▸ **WORK REQUEST**:
The answer is the data below, repeated exactly, with no pictures included.

▸ **INPUT DATA**:
══════
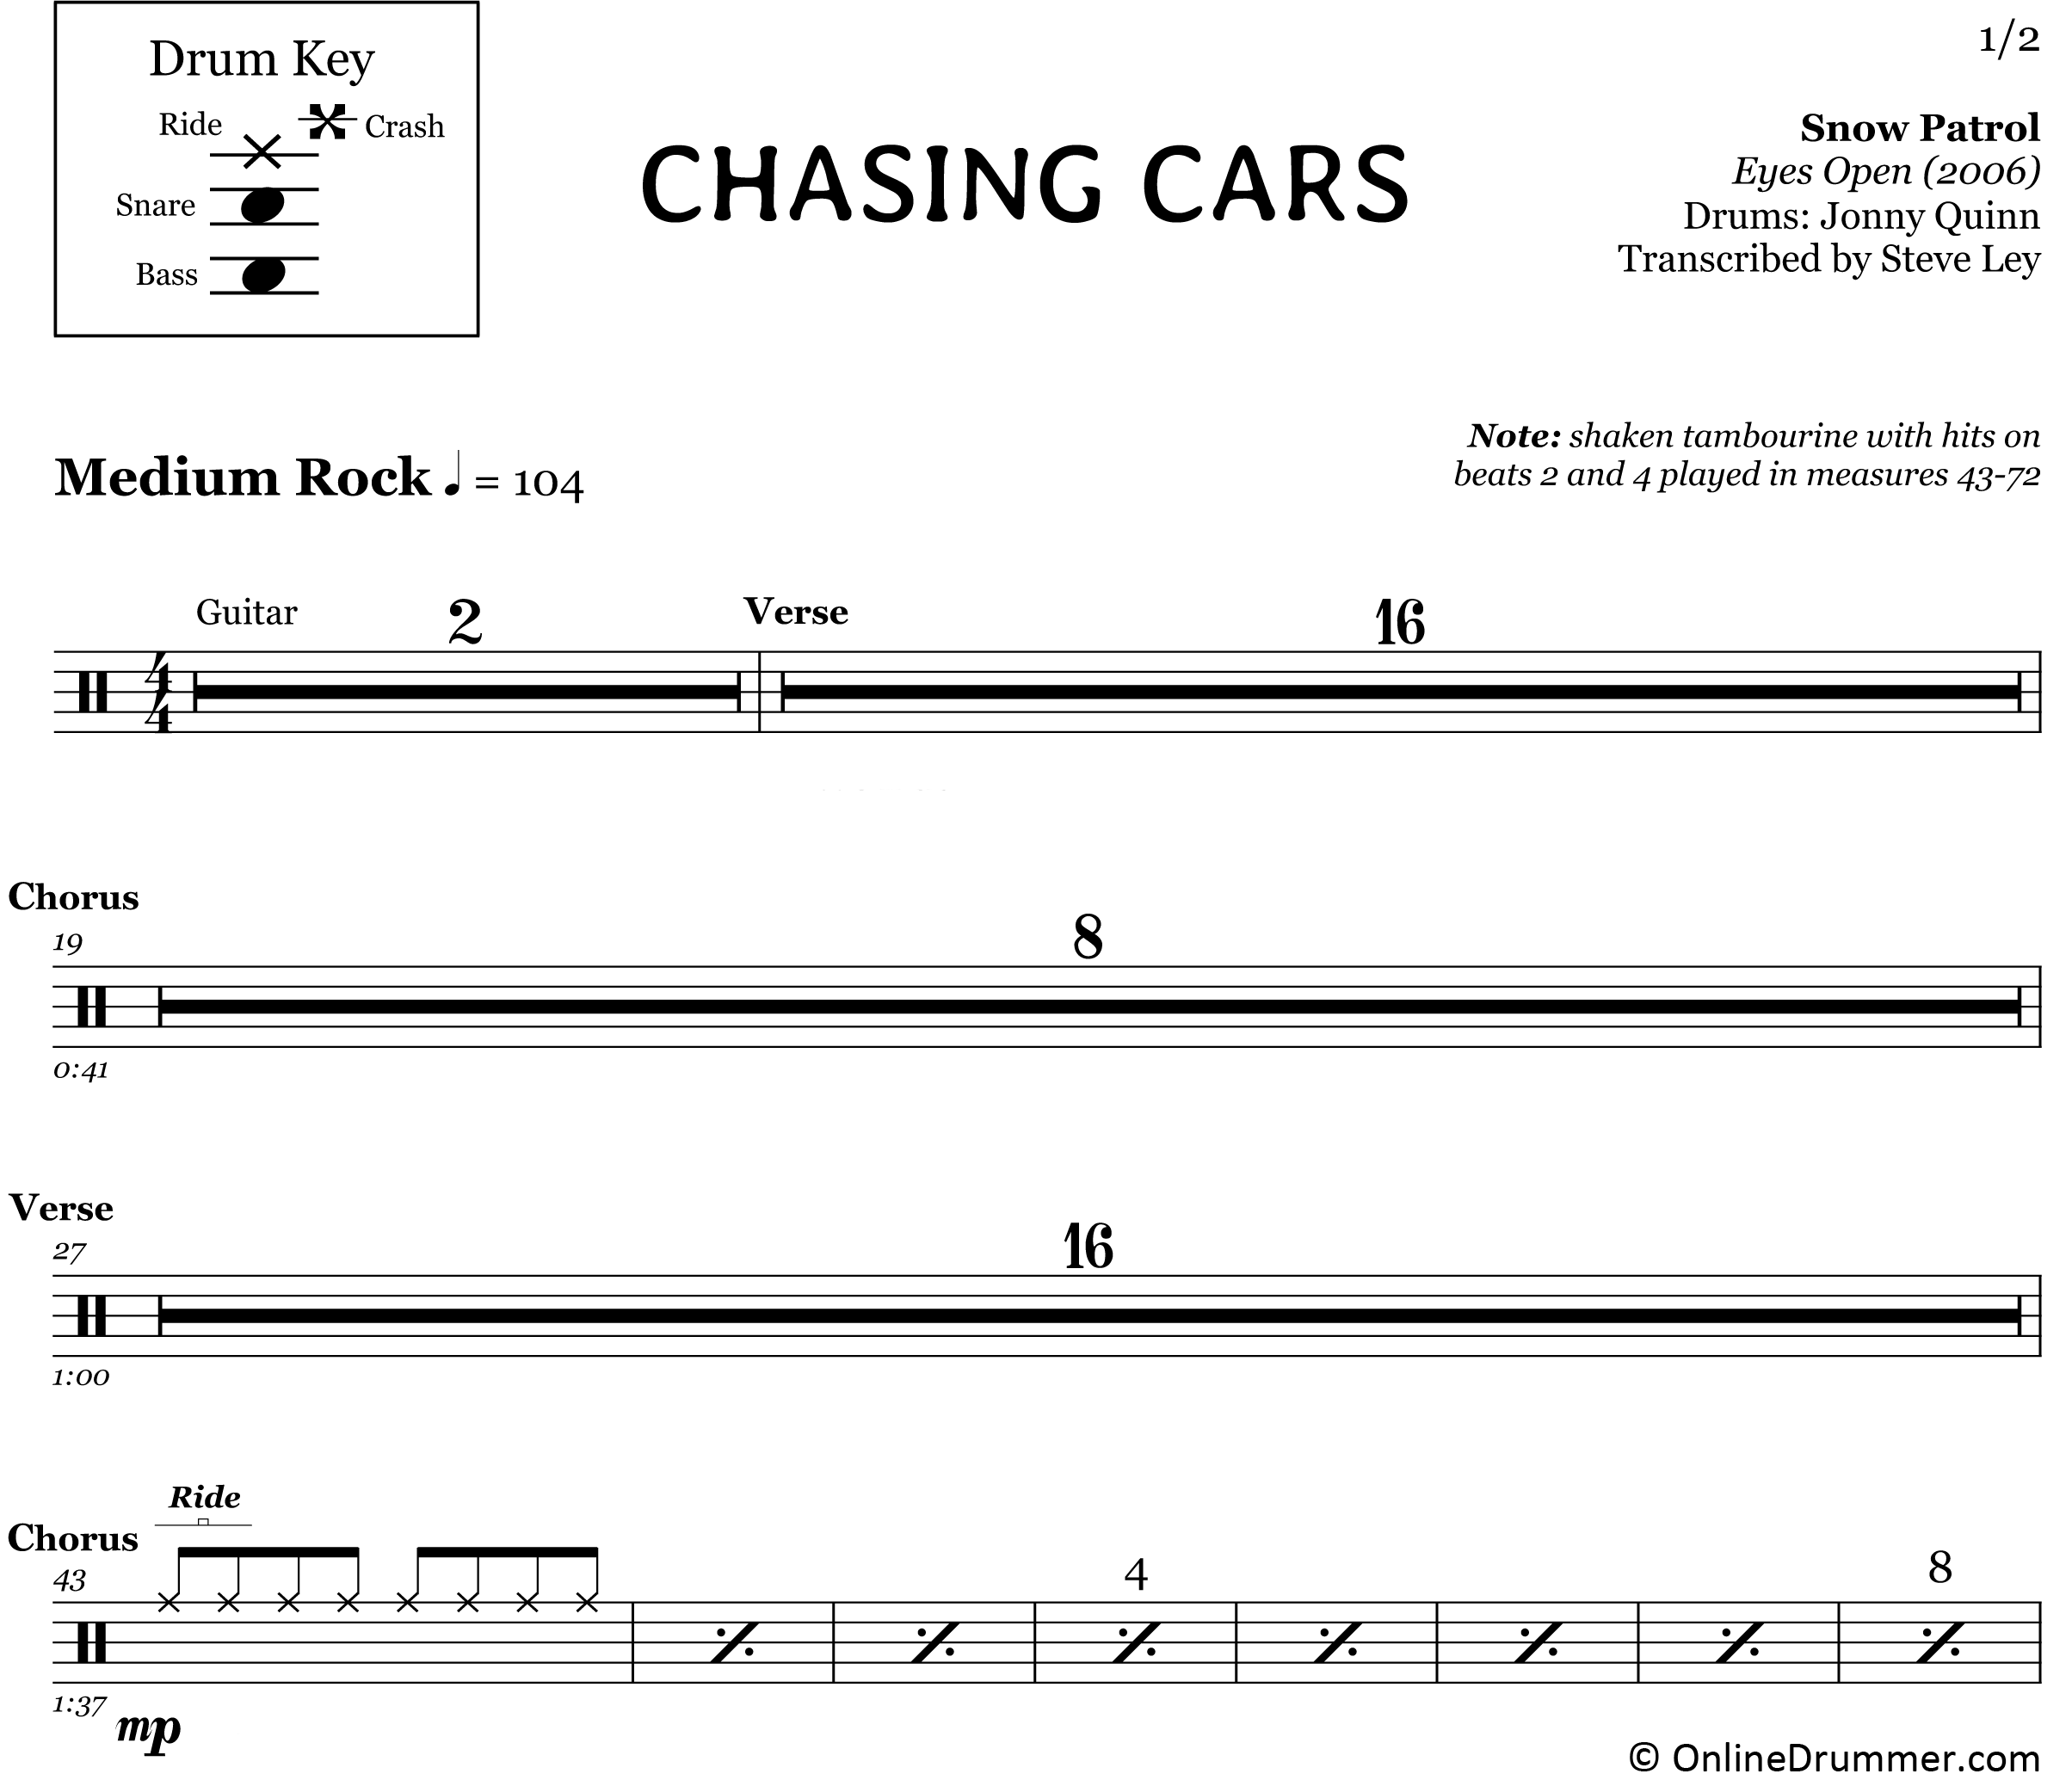 Chasing Cars – Snow Patrol (U)
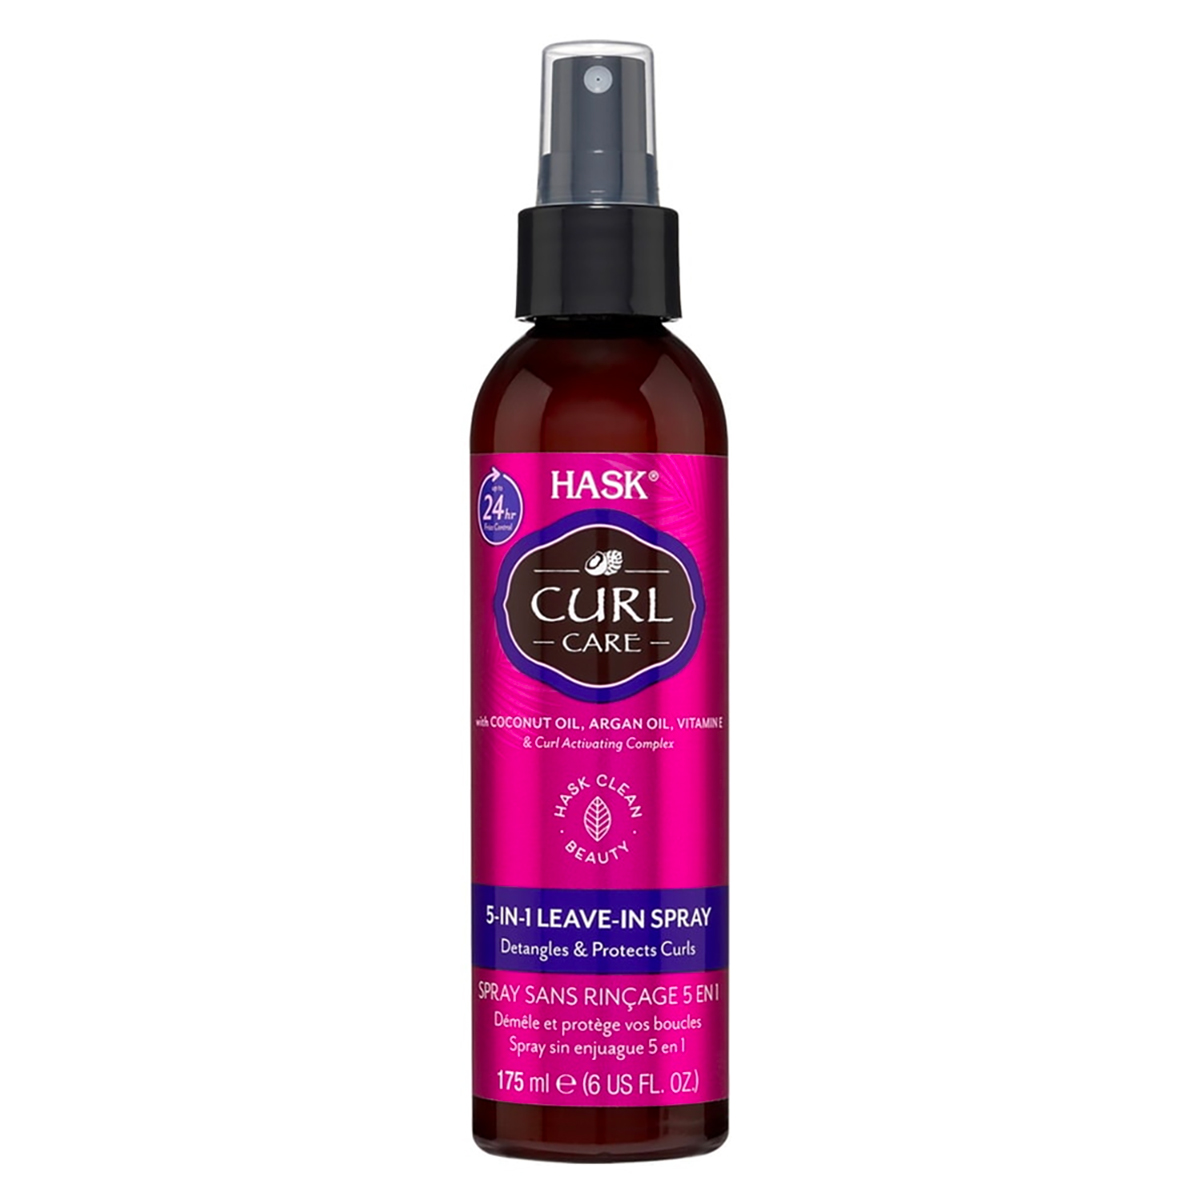 Spray Sans Rinçage 5 en 1 Curl Care Hask 175 ML
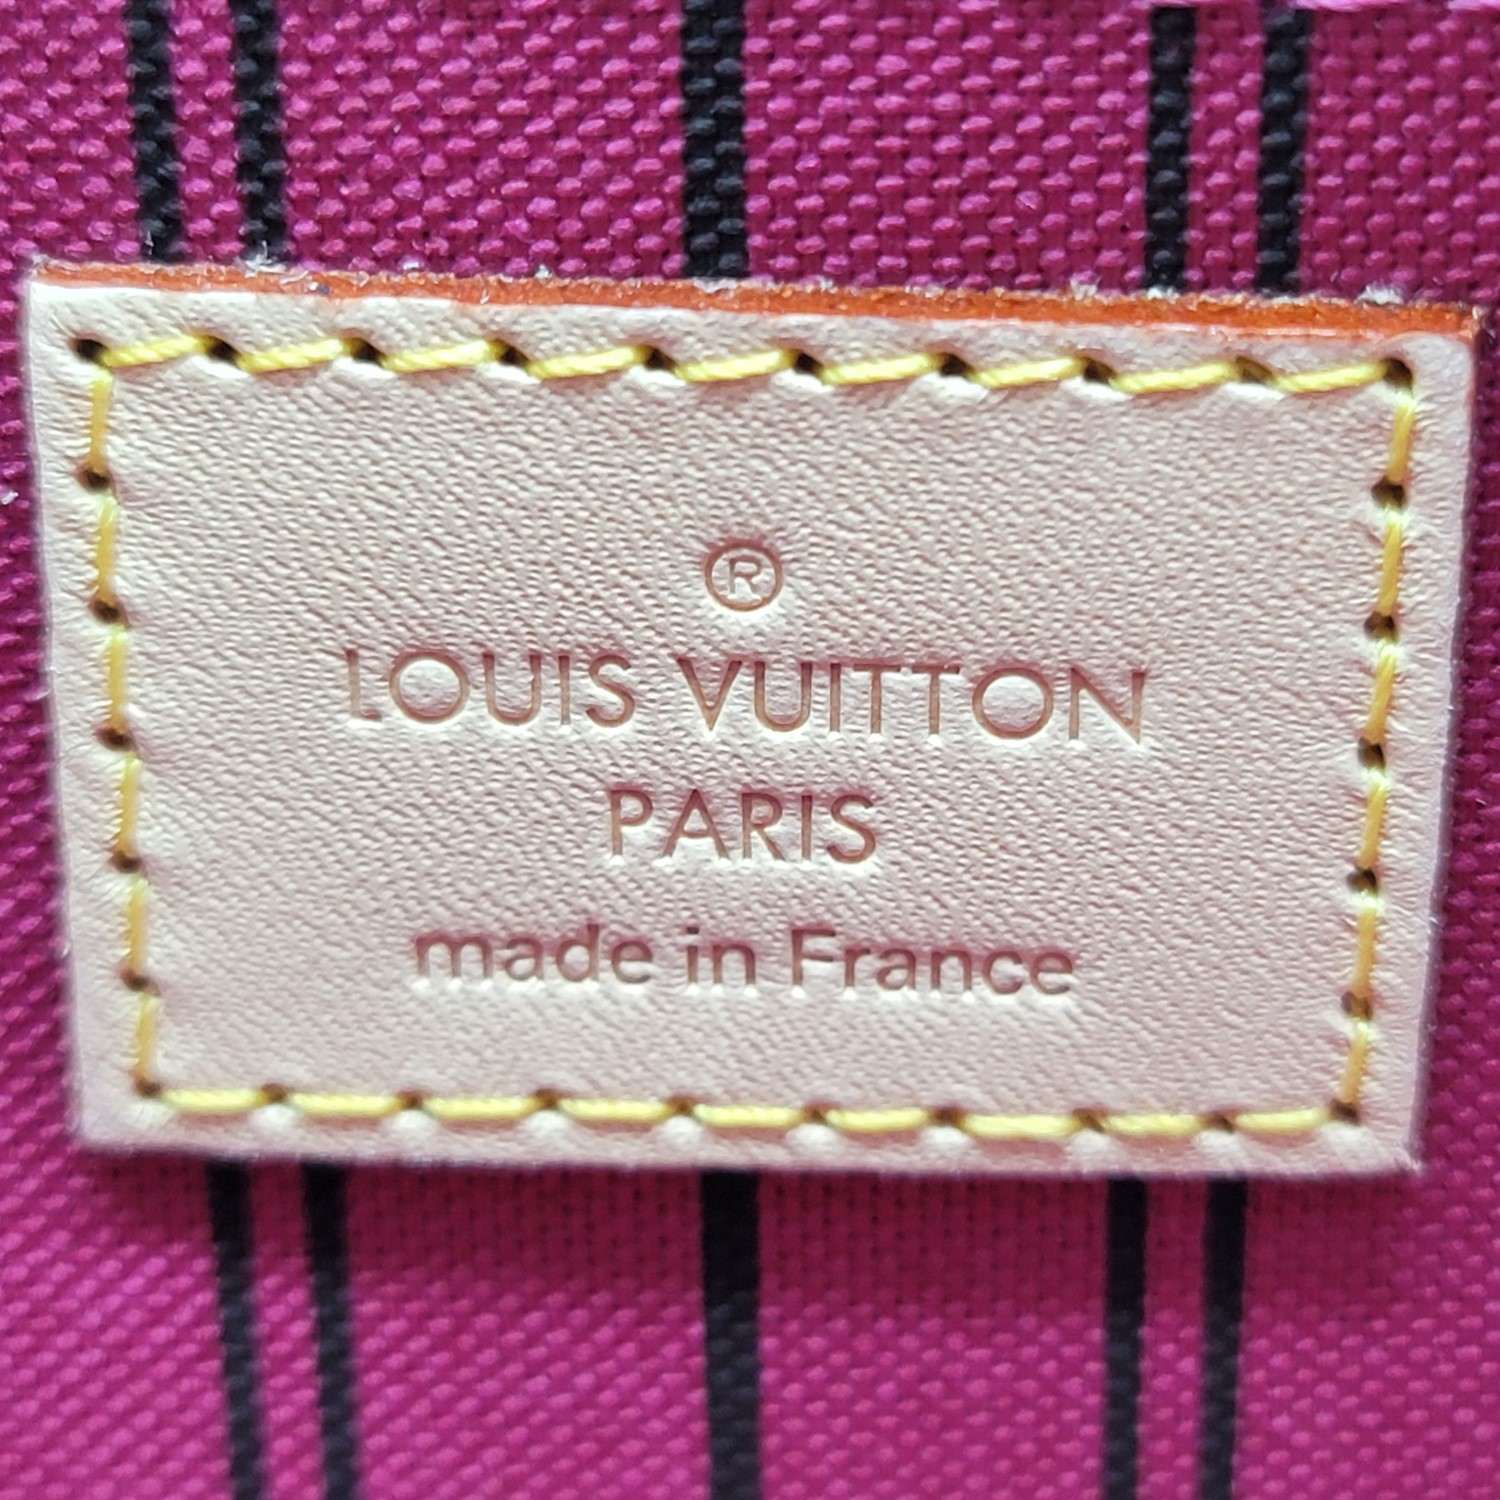 Louis Vuitton mono neverfull GM peony **21/22 model** – My
══════
▸ **EXERCISE ANSWER**:
 Chasing Cars – Snow Patrol (U)
 Spray Sans Rinçage 5 en 1 Curl Care Hask 175 ML
 Louis Vuitton mono neverfull GM peony **21/22 model** – My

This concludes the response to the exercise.